The caveat with this is that very small sequences will give us worse results since the mean and standard deviation are more likely to be further from the population values as the sample size becomes smaller.
Stitching Sequences and Masking Low-Complexity Regions
Finally, we put everything together to stitch together the windows, and mask-out regions of low-complexity.
The first step is, for each window, if the window entropy is below the threshold (i.e.: below the first standard deviation), replace all the nucleotides in the window with the mask character (defaults to ‘x’). The second step is to overlay all the windows. Nucleotides that are masked in more than 25% of windows are masked in the final sequence. 25% is a random number, but empirically seems to work. Obviously something you may want to tweak/optimise.
And finally, the python implementation:
def mask_low_complexity(seq, L=12, N=20, maskchar="x"):
windows = overlapping_windows(seq, L)
rep_vectors = [(window, compute_rep_vector(window, N)) for window in windows]
window_complexity_pairs = [(rep_vector[0], complexity(rep_vector[1], N)) for rep_vector in rep_vectors]
complexities = np.array([complexity(rep_vector[1], N) for rep_vector in rep_vectors])
avg_complexity = complexities.mean()
std_complexity = complexities.std()
k1_cutoff = min([avg_complexity + std_complexity,
avg_complexity - std_complexity])
alignment = [[] for i in range(0, len(seq))]
for window_offset, window_complexity_pair in enumerate(window_complexity_pairs):
if window_complexity_pair[1] < k1_cutoff:
window = "".join([maskchar for i in range(0, L)])
else:
window = window_complexity_pair[0]
for residue_offset, residue in enumerate(window):
i = window_offset+residue_offset
alignment[i].append(residue)
new_seq = []
for residue_array in alignment:
if residue_array.count(maskchar) > 3:
new_seq.append(maskchar)
else:
new_seq.append(residue_array[0])
new_seq = "".join(new_seq)
return (new_seq, alignment)
We’ve done it (Woo!), now let’s compare the output of our naïve SEG implementation with that of the genuine article on that Human Prion sequence we’re so fond of:
Discussion
The levenstein distance between SEG and our implementation is 49 (20%), and if you look at the comparison above, the major differences are a couple of nucleotides that flank the regions of low-complexity.

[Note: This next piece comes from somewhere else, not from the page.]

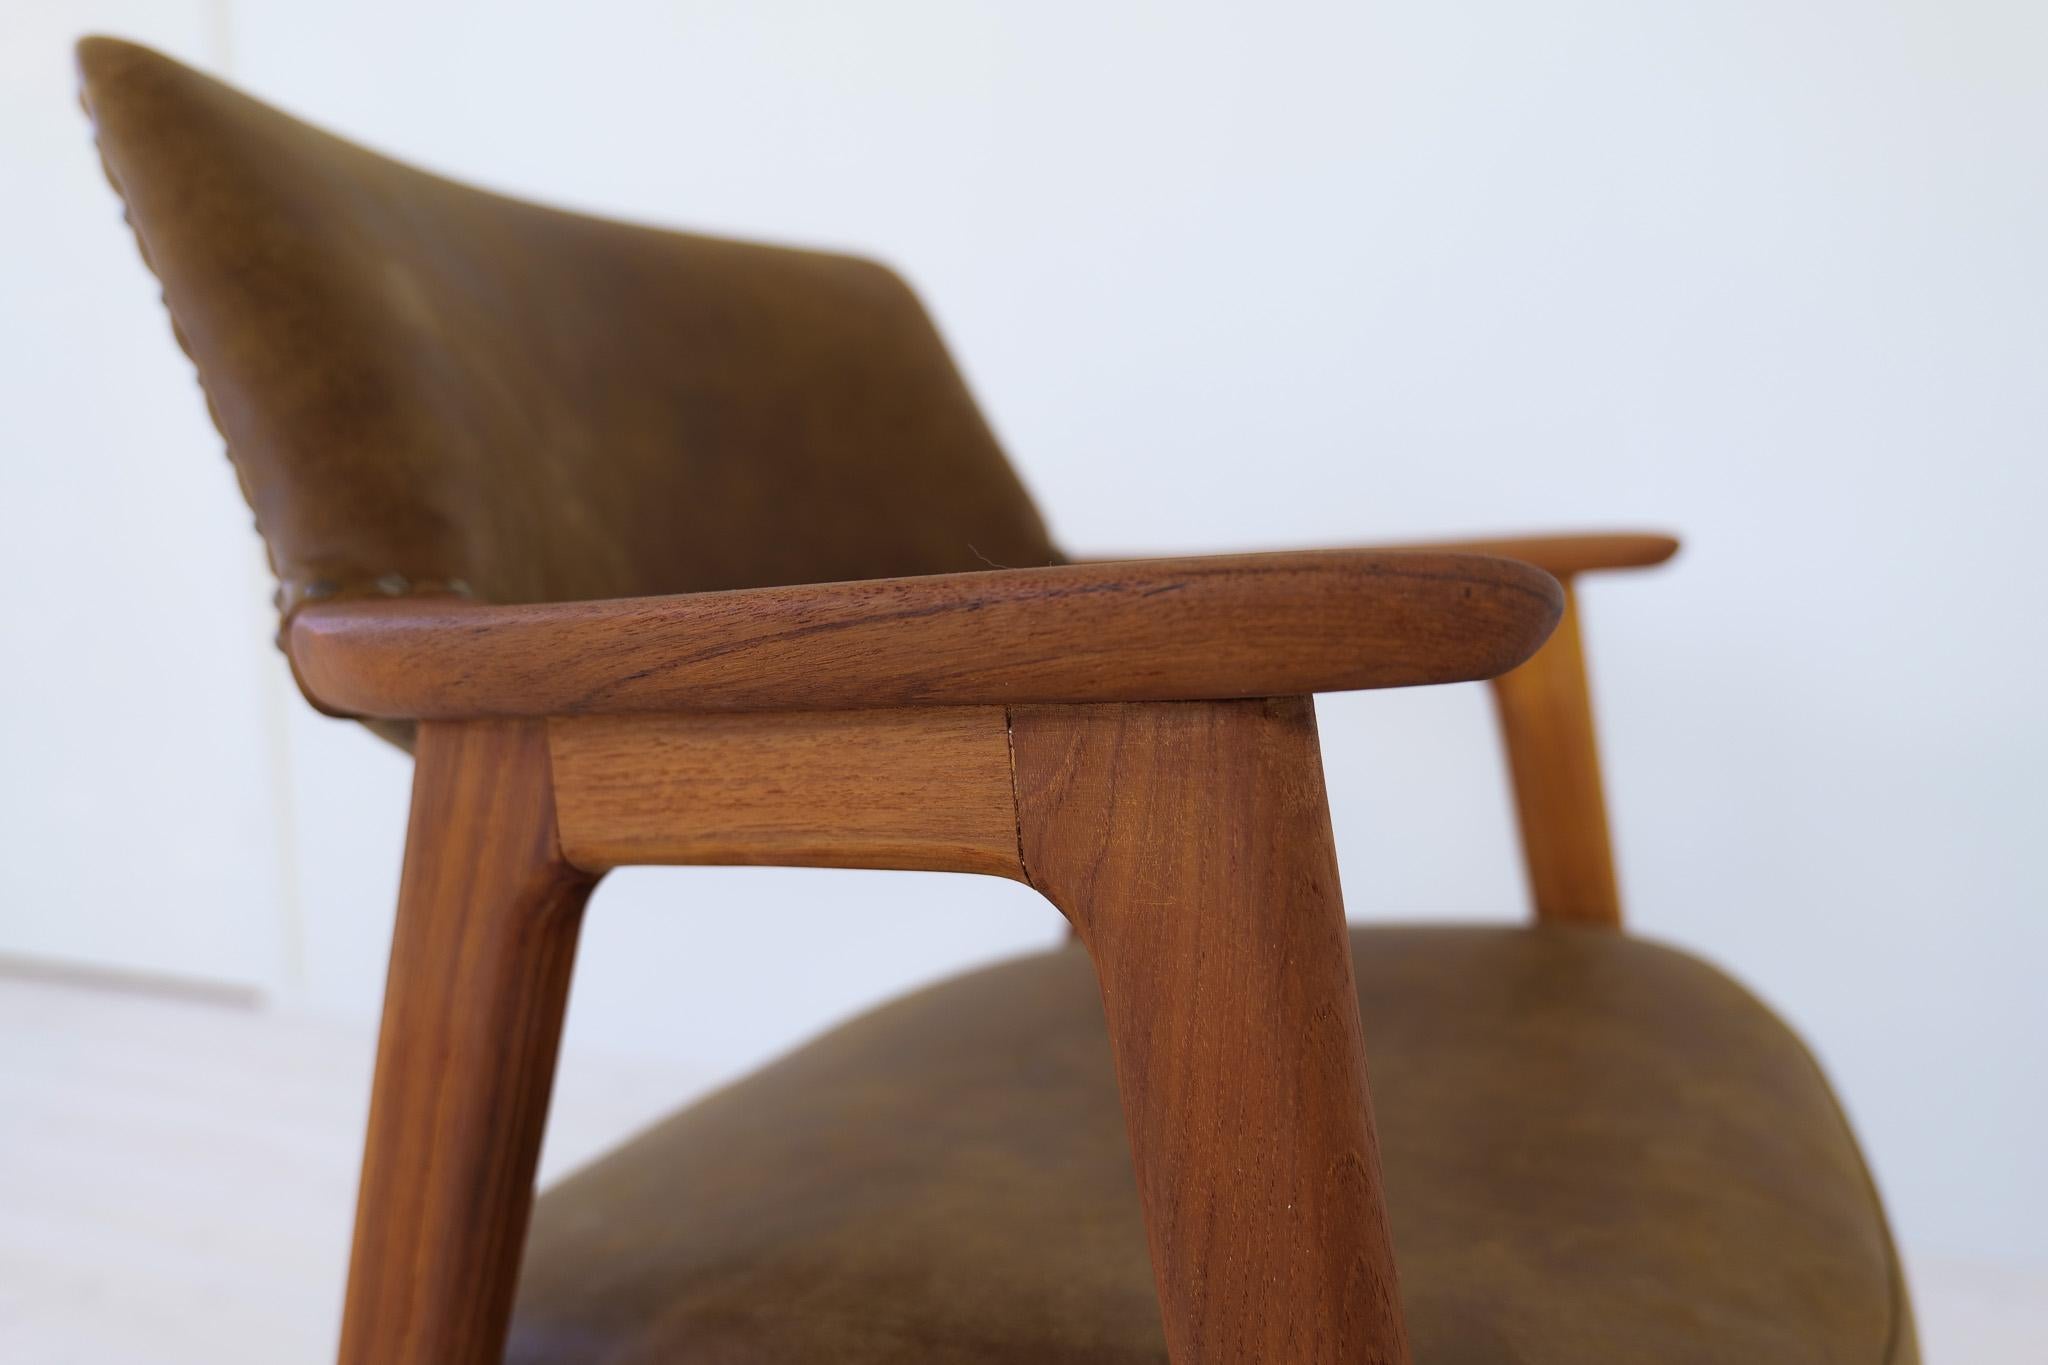 Midcentury Modern Erik Kirkegaard Danish Teak and Leather Desk Chairs, 1960s For Sale 7

Obviously a limitation of this implementation is that it doesn’t work well on small sequences because of how we use mean entropy as a threshold. The way to work around this is to determine the mean and standard deviation of entropy.
Our choice of window size (\(L=12\)) was based on SEG’s empirical choice. Below you can see the difference between entropy for that Human Prion sequence plotted for window sizes between 4 and 40.

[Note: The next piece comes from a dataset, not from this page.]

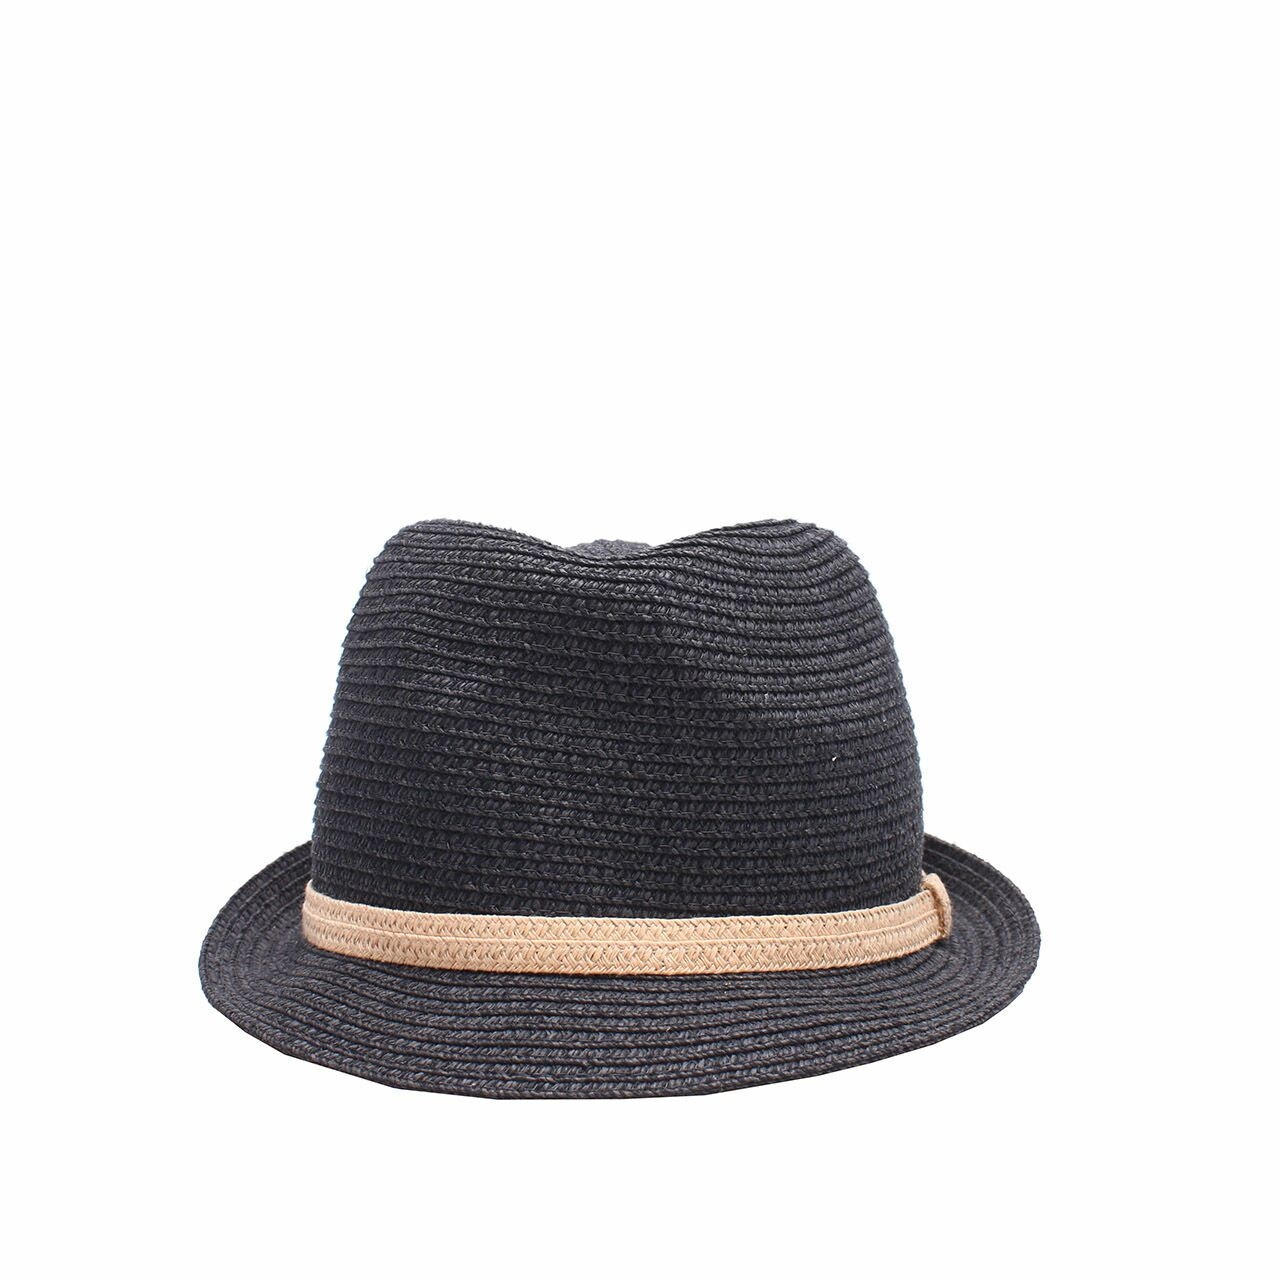 Forever 21 Black Hats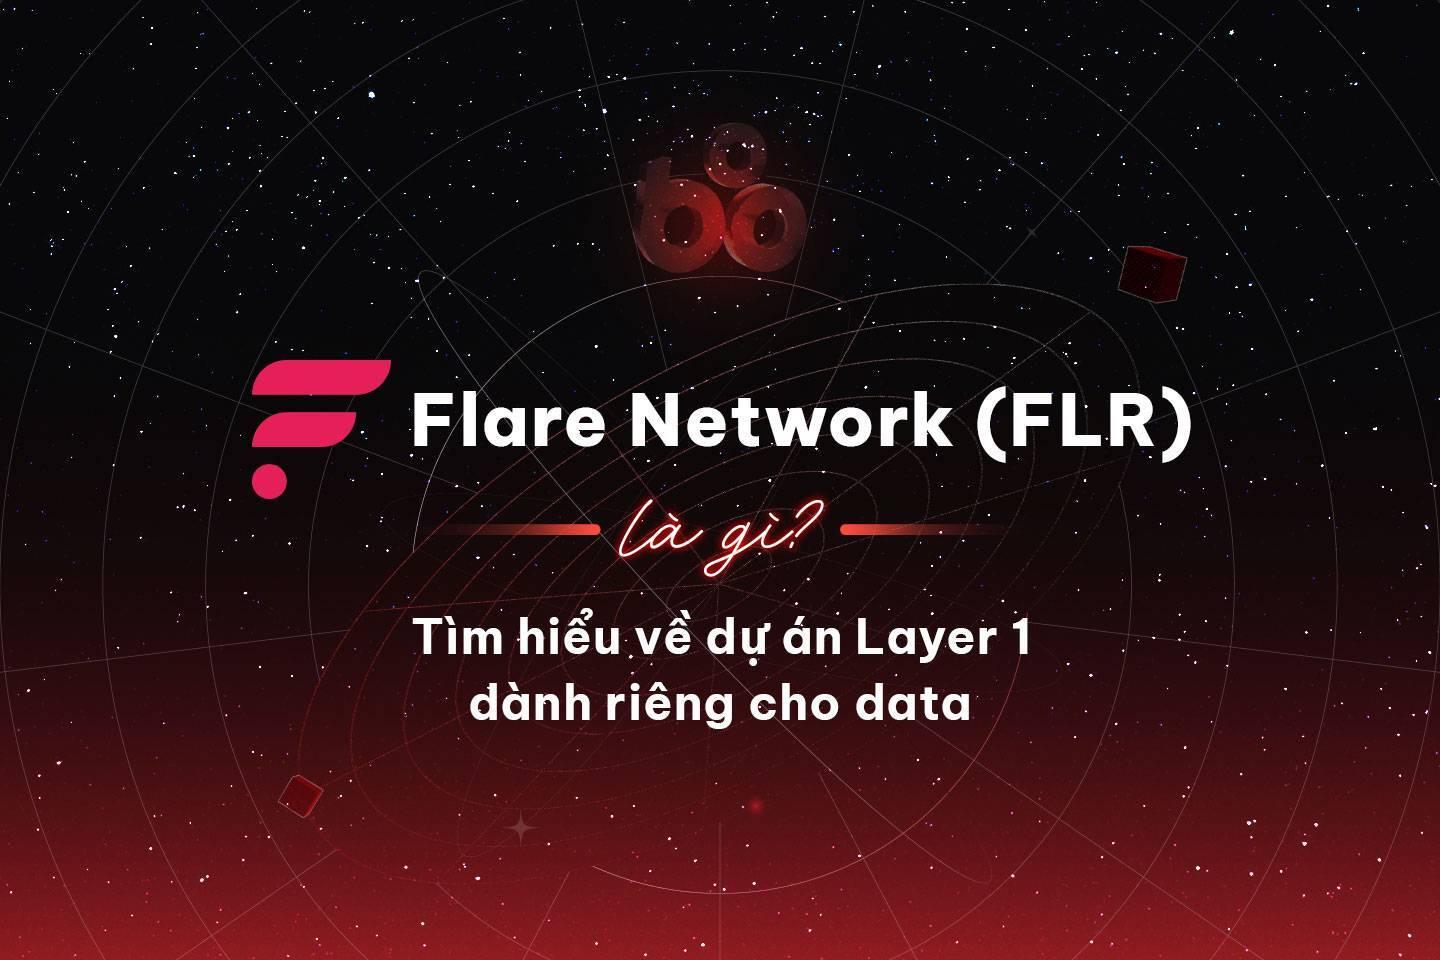 flare-network-flr-la-gi-tim-hieu-ve-du-an-layer-1-danh-rieng-cho-data

Plots like these can help you pick a window size for a particular sequence, avoiding extremely flat (\(L=4\)) or extremely curvy (\(L=40\)) plots.

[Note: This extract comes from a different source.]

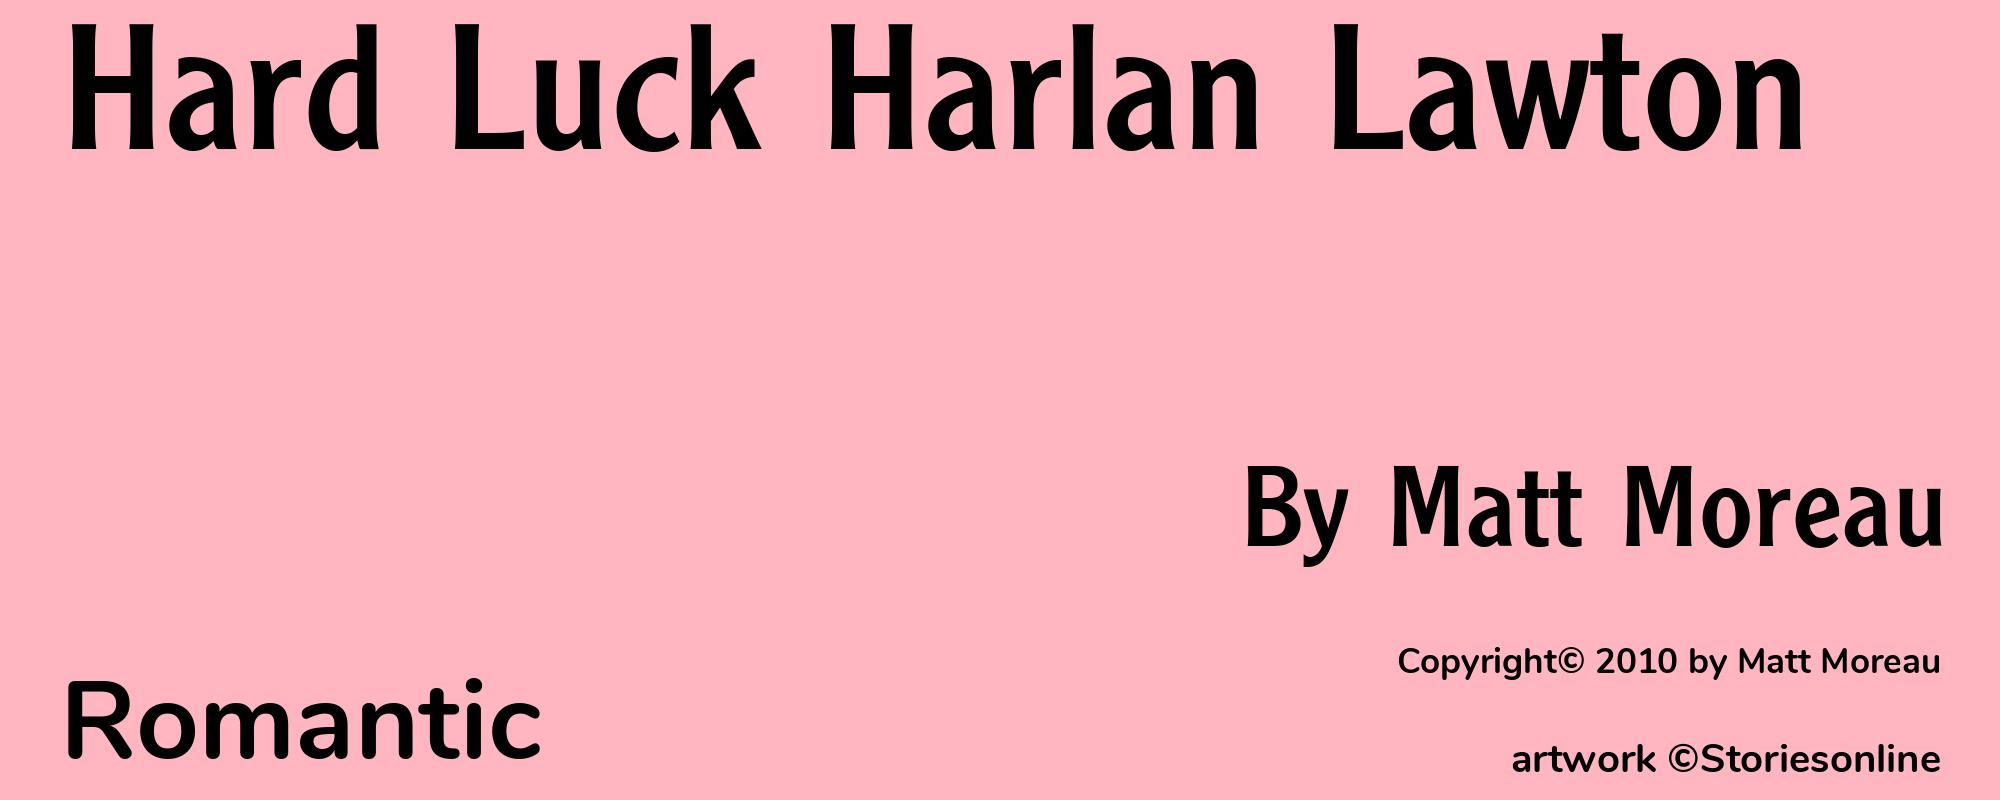 Hard Luck Harlan Lawton - Cover

What about small sequences?
Because we’re using the lower first standard-deviation as the entropy threshold, we need a significant number of amino/nucleic acids in the sequence. To get around this, we can just pump in as many protein/DNA sequences as we can into the algorithm and calculate the lower first standard-deviation of that… but I’ll call that out-of-scope for this post.